--- What is being asked ---
Your answer must be an exact copy of the data below, minus any pictures.

--- Given material ---

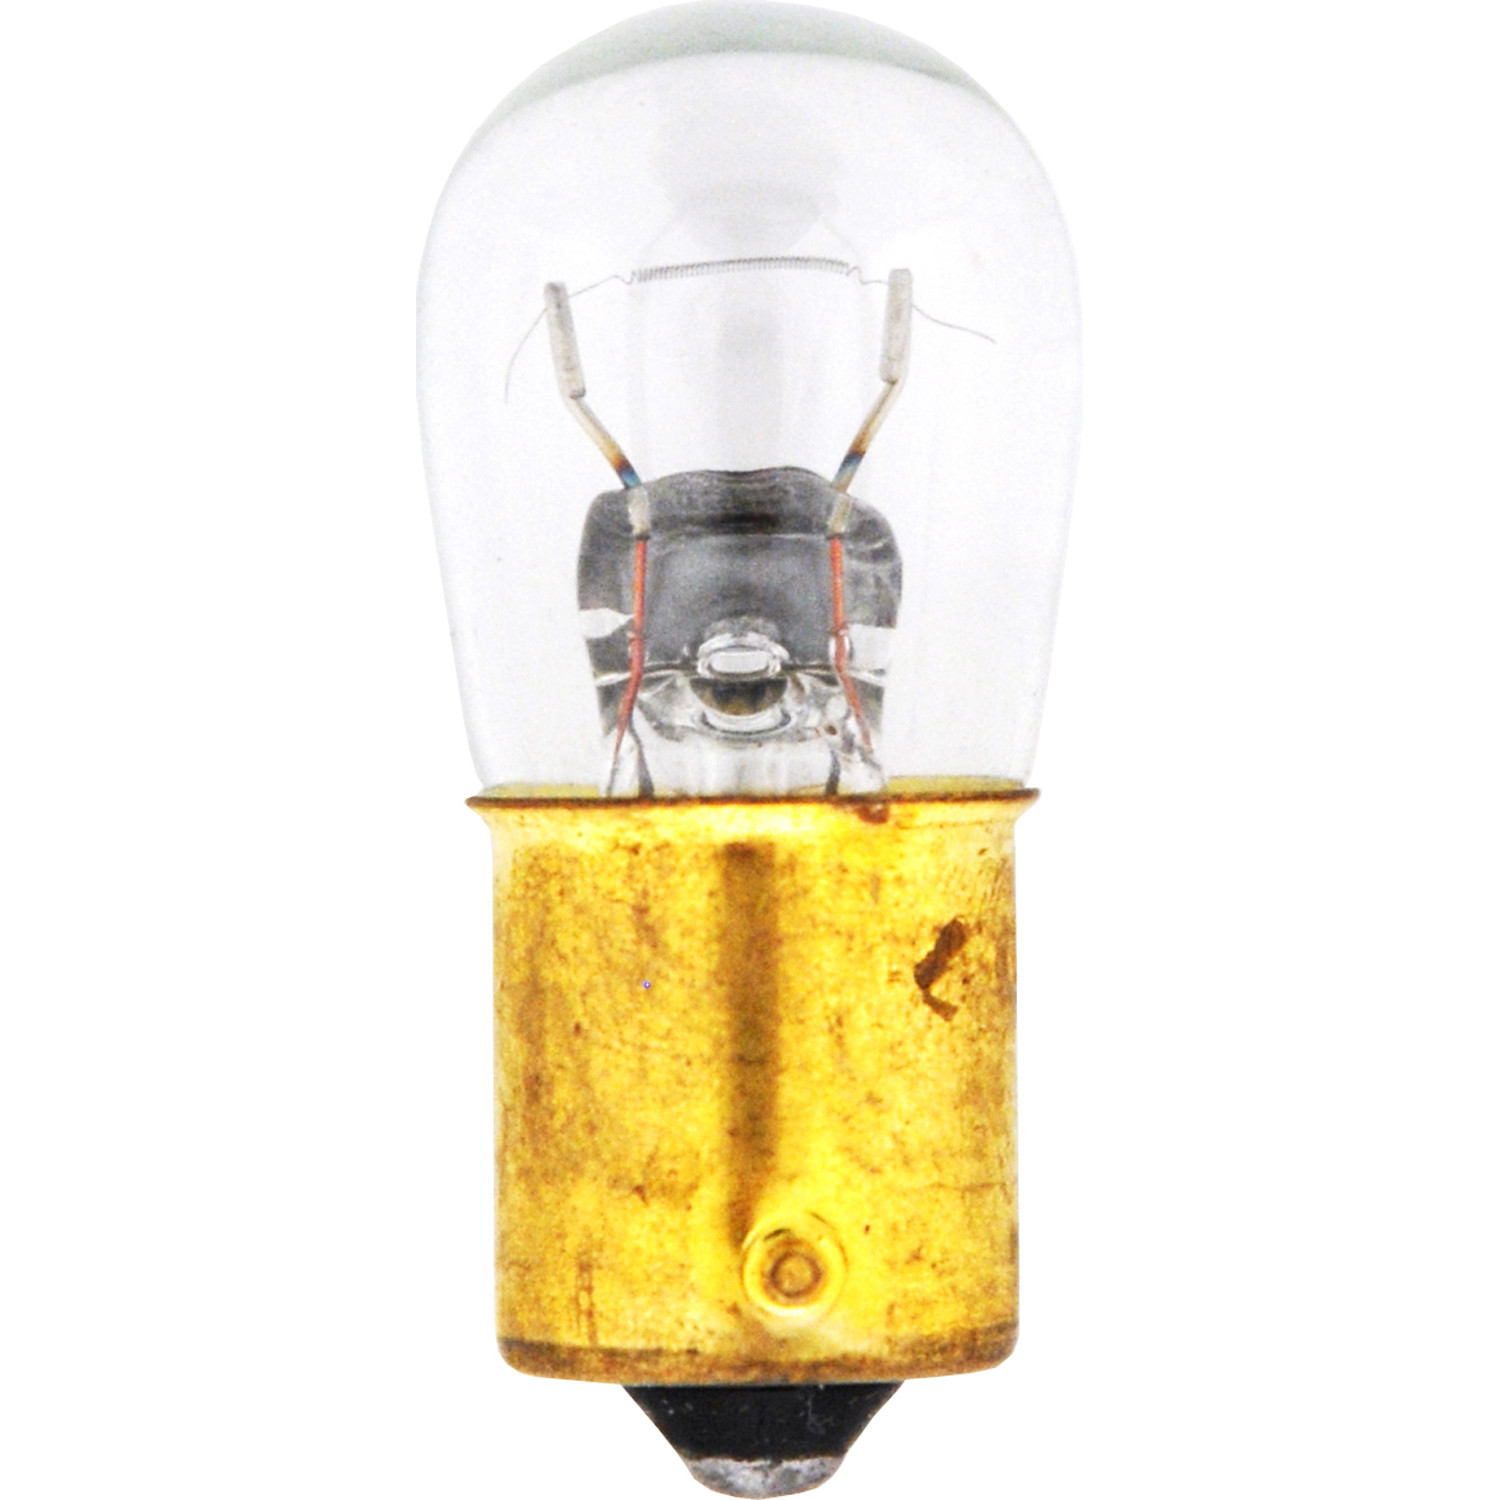 SYLVANIA RETAIL PACKS - Blister Pack Twin Engine Compartment Light Bulb - SYR 1003.BP2
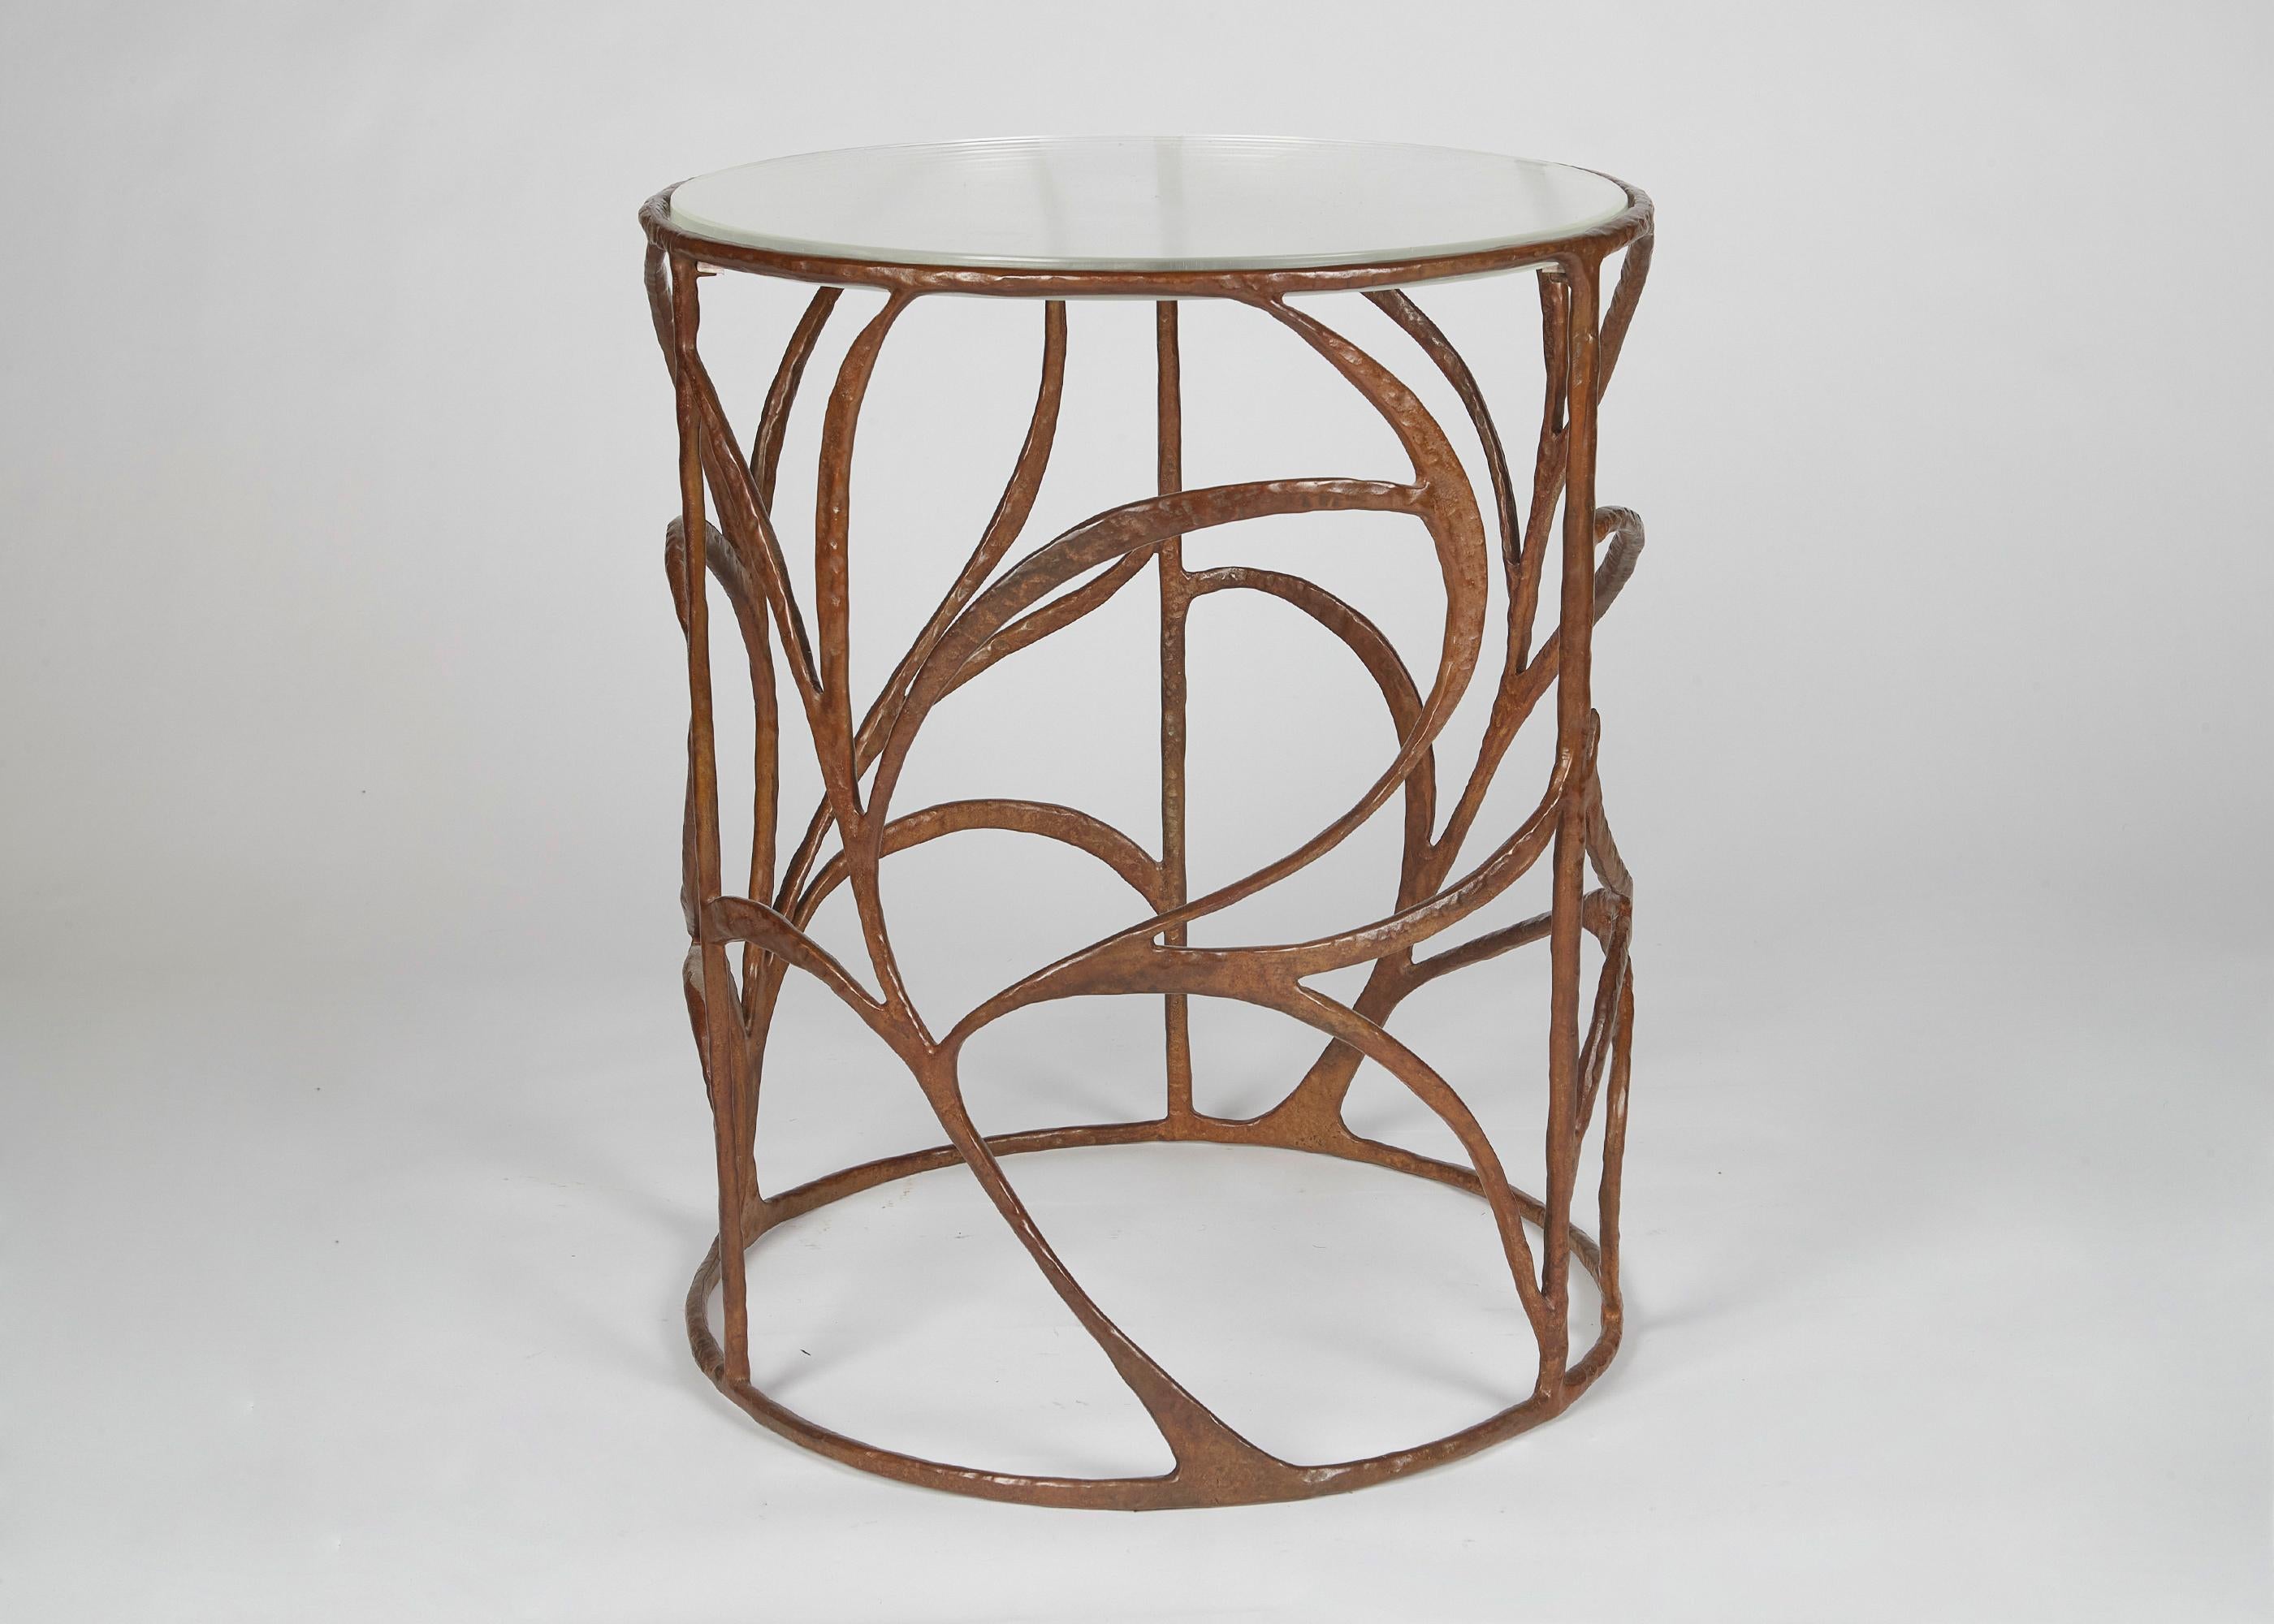 Franck Evennou has a poetic language inspired by nature, and by all subjects that carry the residue of their pasts. His works, particularly in bronze, like this elegant side table, possess a powerful nostalgic quality, capturing in sculptural
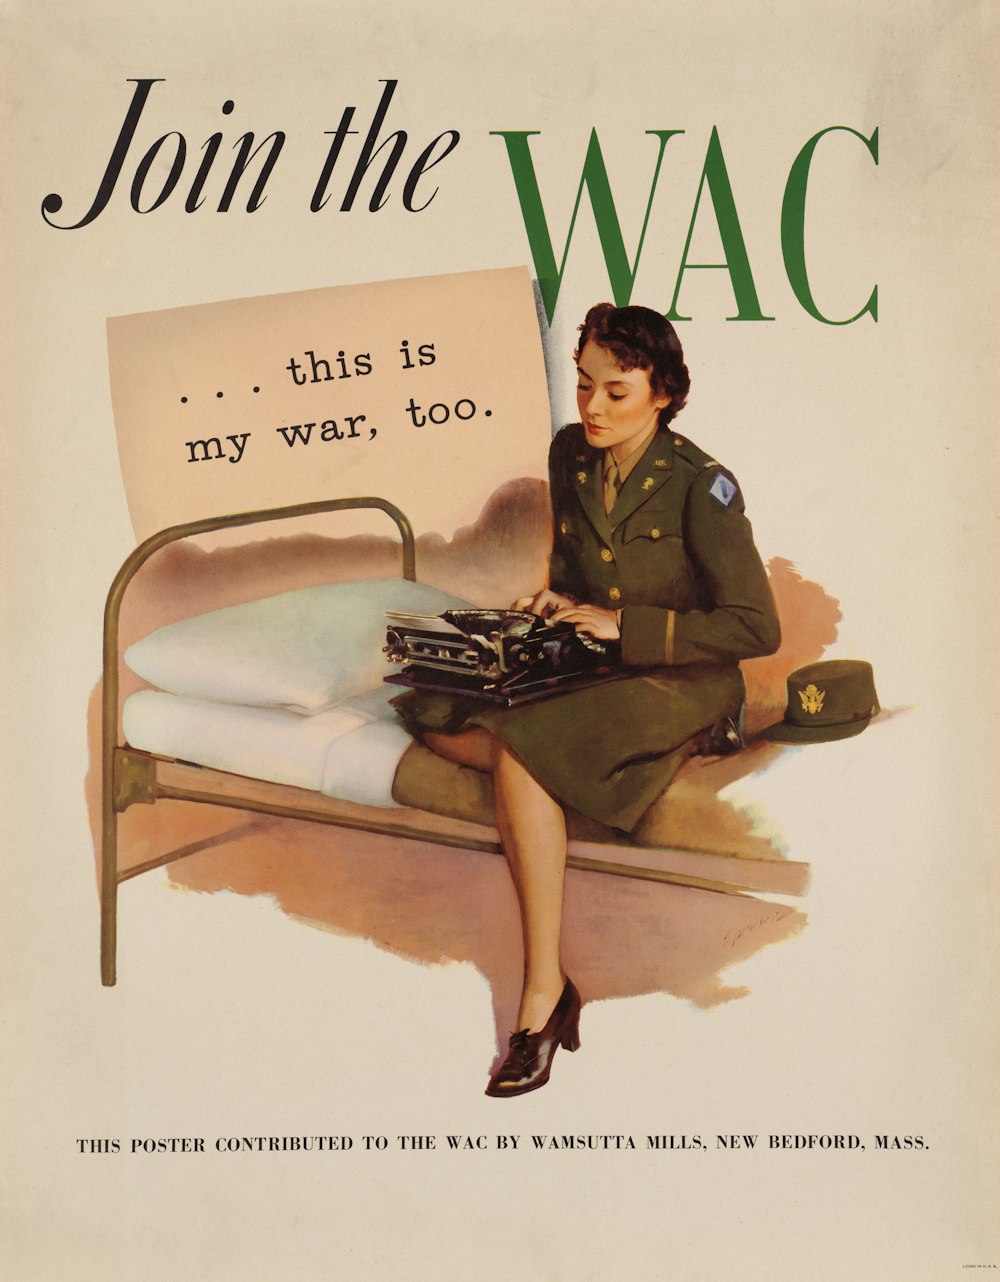 a woman in uniform sitting on a bed
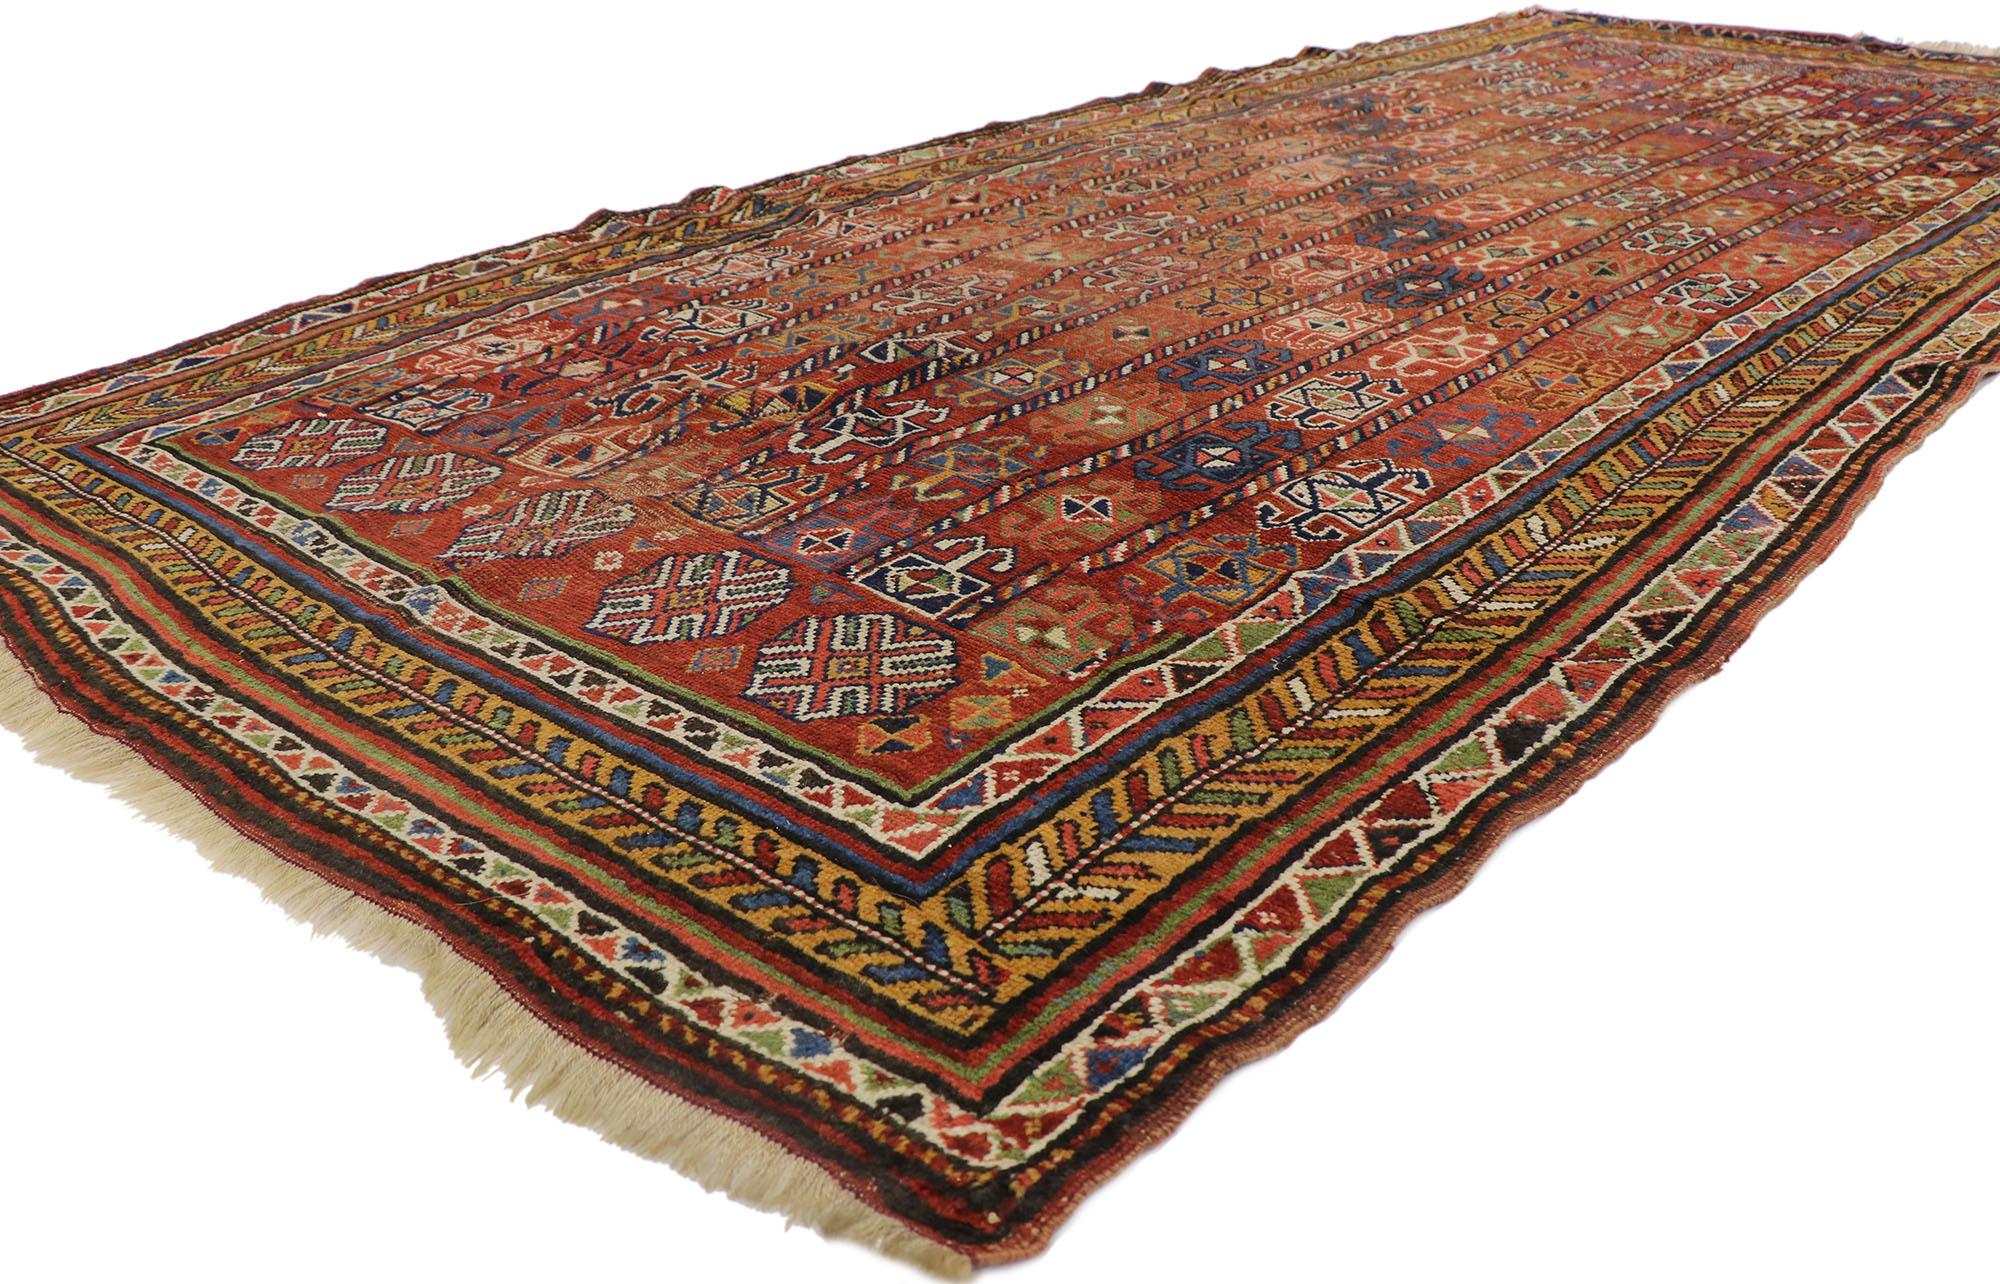 78010 Antique Afghan Bashir Rug, 05'07 x 12'06. Embark on a journey where tribal mystique seamlessly intertwines with the relaxed refined ambiance of a rustic lodge in this meticulously hand-knotted wool antique Afghan Bashir rug. Immerse yourself

--- Task result ---
 SYLVANIA RETAIL PACKS - Blister Pack Twin Engine Compartment Light Bulb - SYR 1003.BP2
 Franck Evennou has a poetic language inspired by nature, and by all subjects that carry the residue of their pasts. His works, particularly in bronze, like this elegant side table, possess a powerful nostalgic quality, capturing in sculptural
 a woman in uniform sitting on a bed
 78010 Antique Afghan Bashir Rug, 05'07 x 12'06. Embark on a journey where tribal mystique seamlessly intertwines with the relaxed refined ambiance of a rustic lodge in this meticulously hand-knotted wool antique Afghan Bashir rug. Immerse yourself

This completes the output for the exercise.